ВОСПИТАТЕЛЬ МАЛОЛЕТНИХ ПРЕСТУПНИКОВ

1

   По старинке сказали бы: человек предполагает, бог располагает. Теперь, в наших кружках, говорят это лишь по привычке и вкладывают в старые слова иронию нового понимания. За бога распоряжается человеком начальство. И оно не только располагает, но и предполагает: собственная голова становится лишней, она только мешает.
   Когда пришел к директору за разрешением на свою школу, он вышел ко мне, сокрушенно покачивая головой.
   -- Не понимаю, что вы могли натворить?
   Я тоже не понимаю, о чем он говорит: он еще не может знать, зачем я пришел.
   -- Я нашел для вас подходящую школу, запросил губернатора -- не отвечает. При встрече лично спросил -- говорит в деревню нельзя, в городе на глазах еще может позволить. В чем дело?
   -- Не представляю.
   Рассказываю о проекте собственной школы, о разговоре с попом, о его желании приблизить школу к себе и неохотном разрешении оставить ее пока в деревне. О том, что поп, даже при желании напакостить, еще не успел бы этого сделать,-- держу пока про себя.
   -- Думаете, оттуда это? Возможно. А, может быть, какие-нибудь ваши знакомства?
   Вопрос ставится сразу, подчеркнуто. И добрые умные глаза смотрят испытующе, не отрываясь.
   -- Дурных знакомств не водил и не веду.
   Разве я обязан знать, какие знакомства он подразумевает и что он считает дурным? Я говорю правду о себе: мои знакомства не должны считаться дурными. Но если бы он захотел мой ответ уточнить для себя, я готов был пойти ему навстречу, оставаясь искренним до конца.
   Он этого не сделал.
   -- Я могу вас назначить сейчас в приют... малолетних преступников.

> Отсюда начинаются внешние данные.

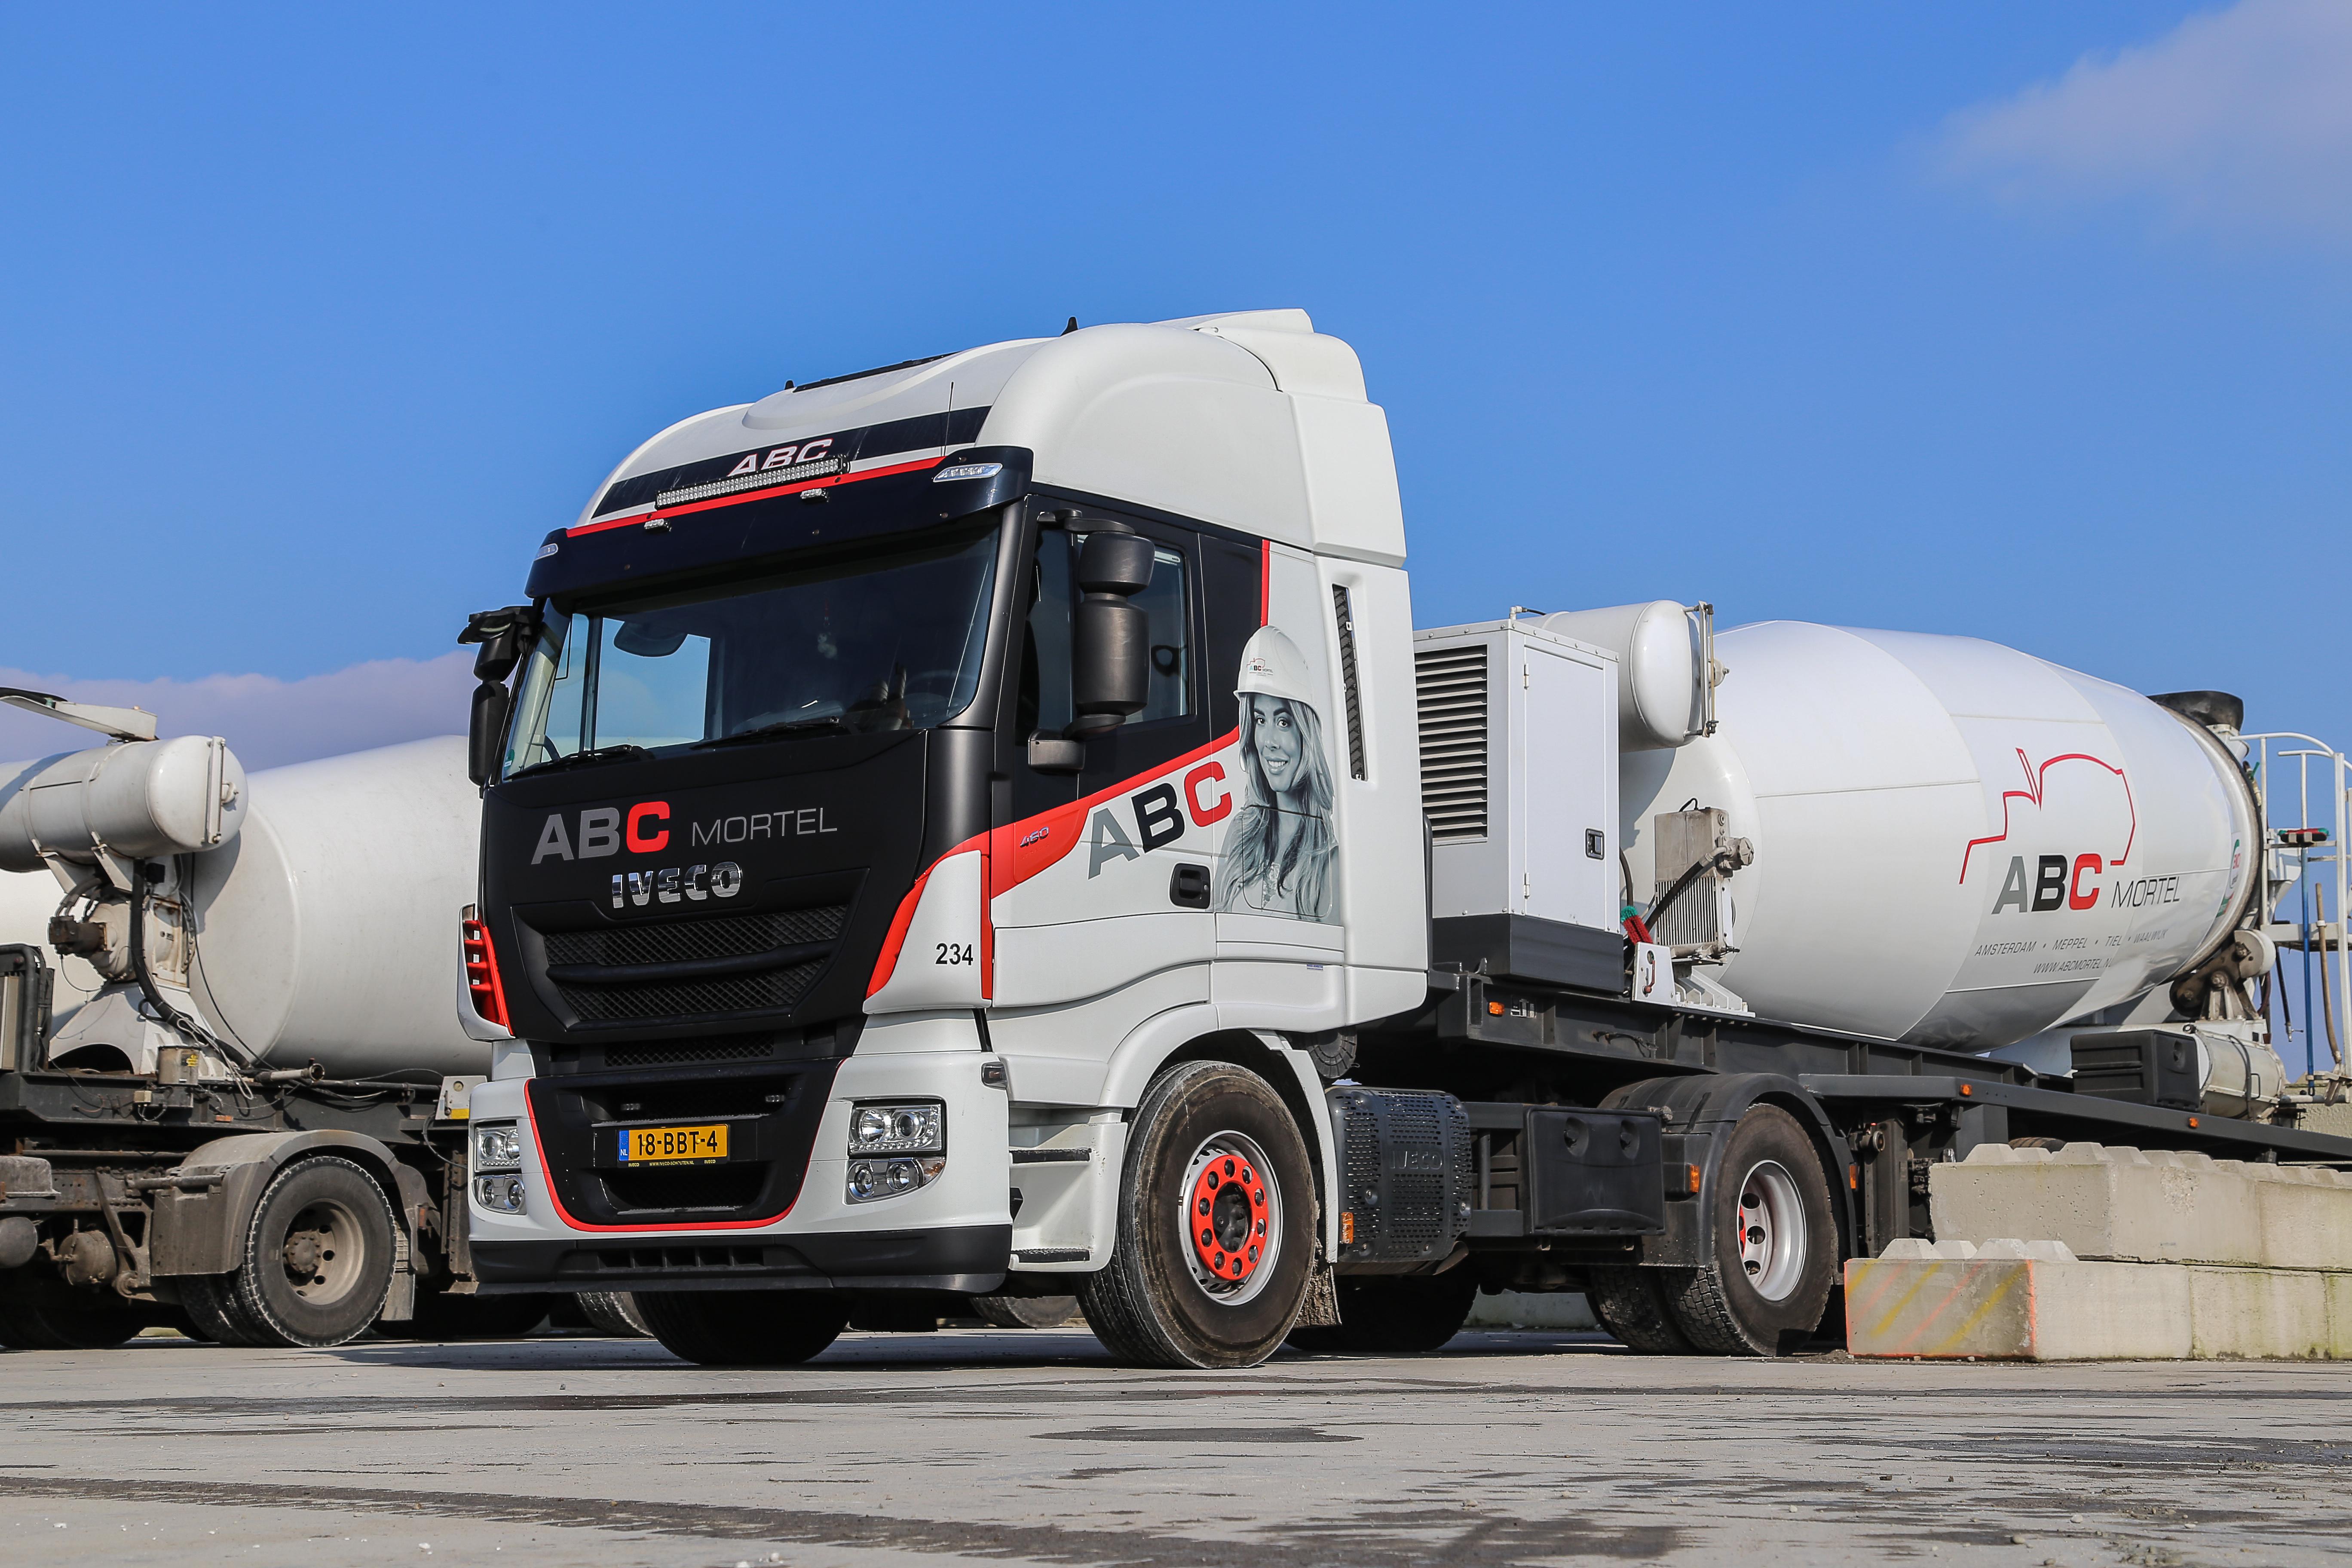 <p>Wat betreft de vrachtwagens investeerde ABC Mortel recentelijk vooral in Iveco's. De argumenten die pleiten voor Iveco, zijn nagenoeg dezelfde als die voor de Case opgaan.</p>

Не пугайтесь: там нужен учитель-воспитатель! Тяжелая обязанность -- знаю. Но пусть это будет искусом: чем больше человек испытает, тем он умнее становится!
   Милый, добрейший дедушка... что он знает об испытаниях, кроме прописей своего друга Ушинского?
   -- Умный, а дурак,-- сказал бы про него Петра Байков:-- двадцать лет учился, а не знает, что умнее не тот, кто подставляет свою шею другому, а кто сам на чужую шею садится!
   Мудрость Петры Байкова -- это мудрость нашей улицы. Бесхитростно простая и ядовито сложная, индивидуальная и обобщающая, беспощадно уничтожающая в критике и безвольно-рассудительная, бессильно-покорная в действии -- такова эта мудрость улицы нашей, взятая не из книг.
   А улица знает толк в испытаниях. И разве стала она умнее от них? Меньше пьянствует, безобразничает, поедает друг друга?..
   Как-будто можно примирить улицу, где все грубо-просто и беспощадно-ясно, с красивой книжной романтикой. Тетка Анна пыталась примирить свою горькую судьбу с мечтой о великомученицах. А ее медник Феофан приходил к ней так же просто, как и к своей жене. Моя мать обливалась сладчайшими слезами, когда я читал ей толстовскую галиматью: Не в силе бог, а в правде, или Чем люди живы. Но эти слезы ничуть не мешали ей тут же, пока они не обсохли, злобно расправляться с плачущим в люльке ее же ребенком:
   -- Чтоб ты издох, окаянный! Не даст никогда послушать.
   А моя ребячья привязанность -- Зинка Громова... Когда ее сапожник отец смертным боем бил ее мать, она плакала над прекрасной магометанкой, умирающей на гробе своего мужа. А когда поманили, ушла на бульвар к десяткам чужих мужей...
   И мой собственный побег от улицы к книге, к гимназистам и Трубачам,-- разве не то же желание примирить суровую жизнь с книжной романтикой?
   Но улица учит думать о сложном просто. Я от нее ушел, и она забыла меня, отрезала. Только в спину иной раз услышишь язвительное: "Он теперь барин -- шляпу надел". А гимназистов и Трубачей шляпой не проведешь: они привыкали и о простом думать сложно. Разве они не видят под полями моей шляпы жандармскую руку моего отца, отдающую честь?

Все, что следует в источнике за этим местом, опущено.